A Relationship ending is in many ways similar to a loss by death, and in many ways it is just that,however instead of it being a physical literal death its the death of the relationship, and you will go through a period similar to that of mourning.
You will have down days and youll also have good days.
I wont tell you itll be easy it wont, your whole world has changed, your outlook will be changing to, now you are having to learn how to function as a single person a Me and not a We, and thats not easy youll miss the company the banter between a couple, youll miss many aspects of the relationship, and it will at times feel as if youll go mad on your own.
This is why its recommended you get out and mix with others as much as possible, do you have friends you could ask to help you by being like a support team, for when you are feeling really down, ask them if they would mind you phoning them at these times, Your family could also help you in this way.
Im sure if you asked your friends and family they would be happy to help you in this.
Could you take up a hobby or do some voluntary work.
Perhaps you could vamp up your home somehow, you could make changes to yourself physically, like change your hairstyle. or your mode of dress.
If youre feeling really depressed, try to go out for a walk, day or night, this will help you, just go to a park and look around at nature, and see how beautiful she is.
Go out star gazing, could you go to visit a relative who lives in another area, maybe take a holiday, or take a holiday and take your Mum with you.
Spend time with friends and family, but try to keep the subject off the ex, listen to upbeat music. learn to play a musical instrument.
Check the forum stickies for more ideas you could put to use.
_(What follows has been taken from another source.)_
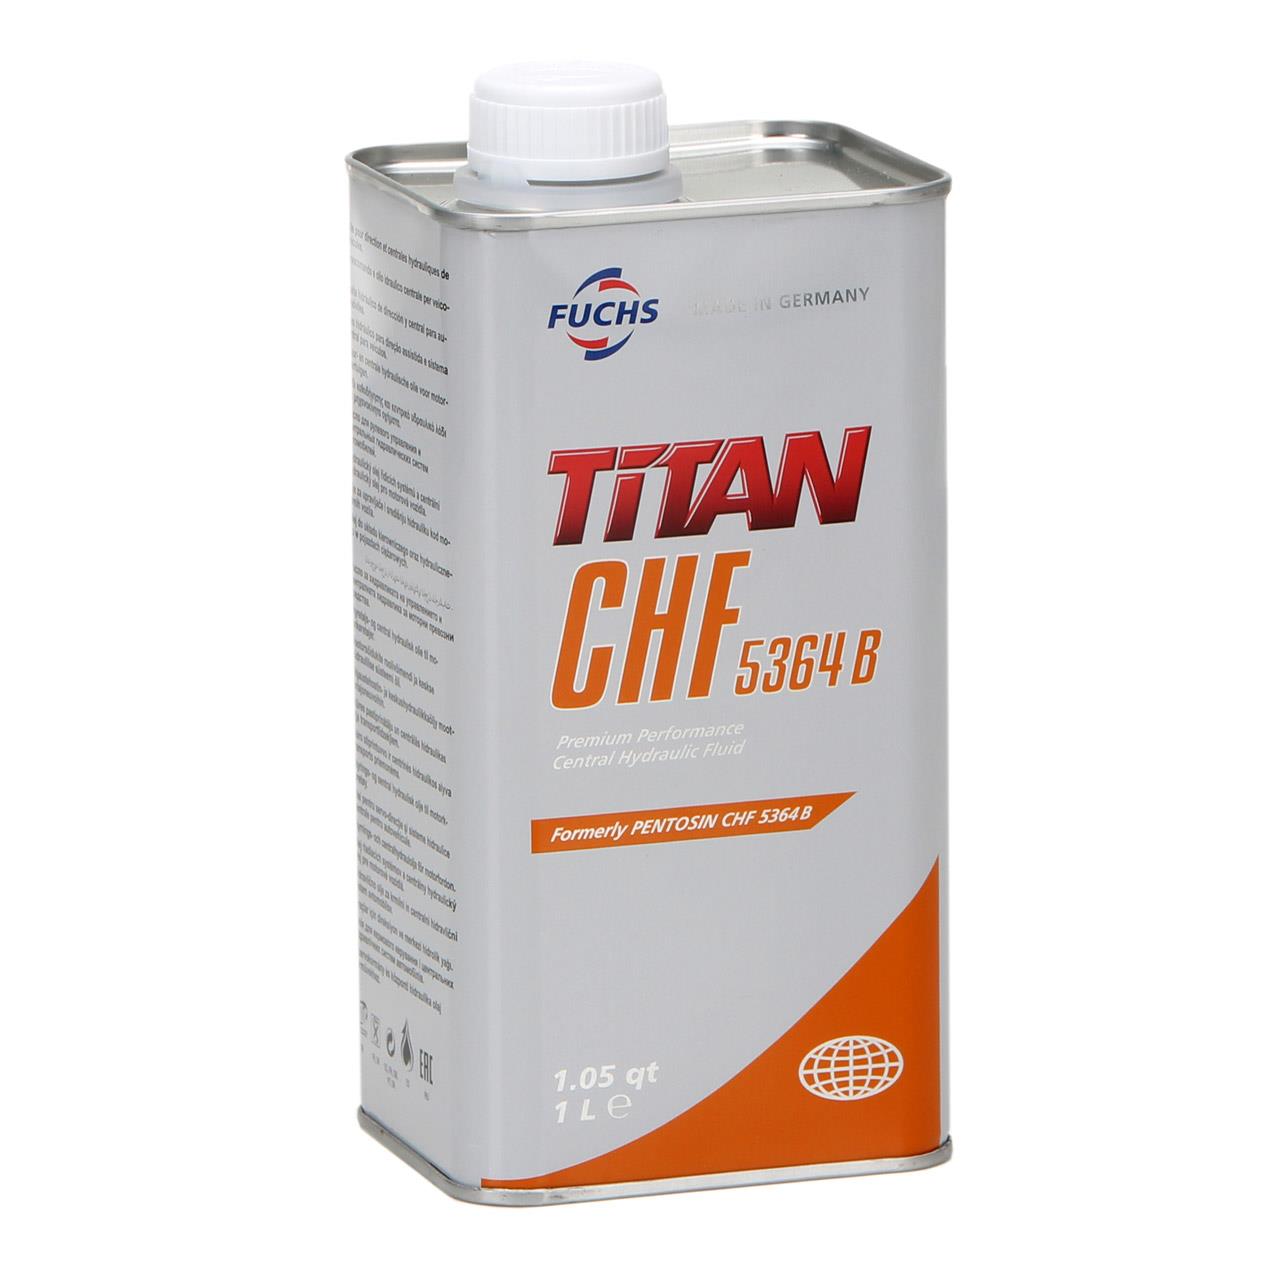 TITAN CHF 5364 B

Come here anytime you feel you need to vent or post updates for us, because we here care about you and how youre doing. We will be here for you at anytime.
So always know youre not alone. Were here and we care...
I have been hanging out with friends a lot more, and they have given me plenty of advice. This week I am actually flying out of town for the first time to visit friends. My ex always tried to get me to fly with her to visit her family down south, so I feel like I owe it to myself to try and fly now, even if its not with her.
I do miss a lot of things about her, mainly being the relationship. That's why I tried so hard a few times to get her back. Its just hard to know that she is done, and had been for at least a month. And for right now I can only expect the worst (that she won't have a change of heart and come back), and hope for the best.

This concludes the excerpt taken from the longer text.